L'itinerario: 7 giorni in Montenegro da nord a sud
Il bello del Montenegro è che in sette giorni riesci davvero a toccare tutto: le montagne selvagge del nord, i canyon mozzafiato dell'entroterra e la costa adriatica con le sue città murate e le acque cristalline. L'itinerario che ti proponiamo si percorre in auto — noleggiare un'auto è assolutamente la scelta giusta, i mezzi pubblici sono scarsi e le strade di montagna richiedono flessibilità.

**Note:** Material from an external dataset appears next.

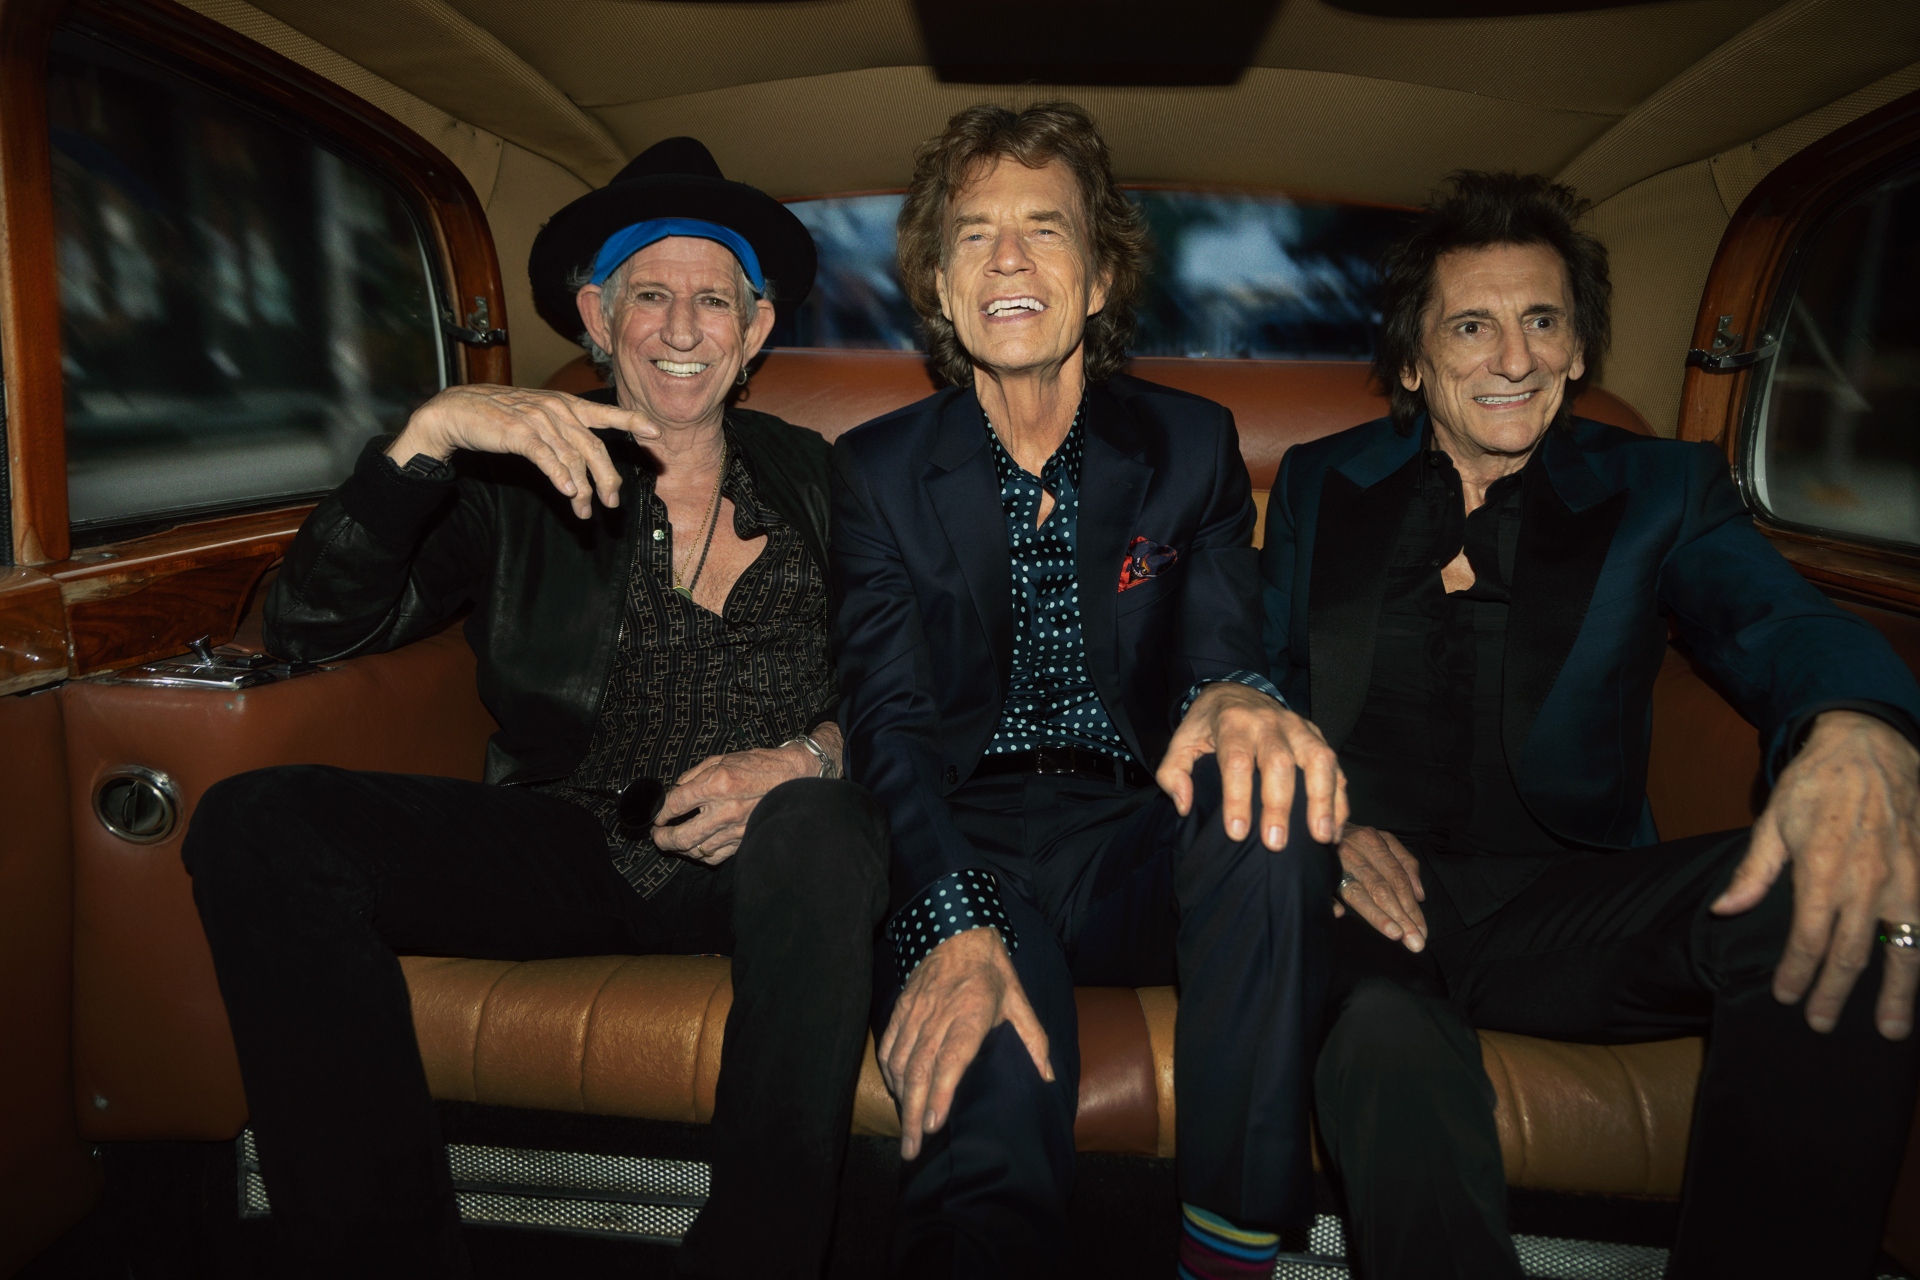 Νέο άλμπουμ για τους Rolling Stones έπειτα από 18 χρόνια

Giorno 1 — Arrivo a Podgorica e trasferimento a Kolašin
Atterri all'aeroporto di Podgorica, ritiri l'auto a noleggio e punti subito verso nord. La capitale non ha molto da offrire rispetto al resto del paese — meglio usare il primo giorno per coprire i chilometri e ambientarsi. Kolašin, a circa un'ora di guida, è una cittadina montana che funge da base perfetta per esplorare la Biogradska Gora. Cena in una konoba locale, primo assaggio di Kachamak e Njeguški sir. Vai a letto presto: domani si cammina.
Giorno 2 — Biogradska Gora e la foresta primordiale
La mattina entra nel Parco Nazionale della Biogradska Gora e dedicale tutta la giornata. Il sentiero principale porta al Lago di Biograd, dove puoi noleggiare una barca a remi e goderti il silenzio assoluto riflesso nelle acque smeraldine. Nel pomeriggio esplora i sentieri nella foresta vergine — gli alberi che ti circondano hanno più di 500 anni, e si sente. È uno di quei posti in cui si abbassa involontariamente la voce. Rientro a Kolašin per la notte.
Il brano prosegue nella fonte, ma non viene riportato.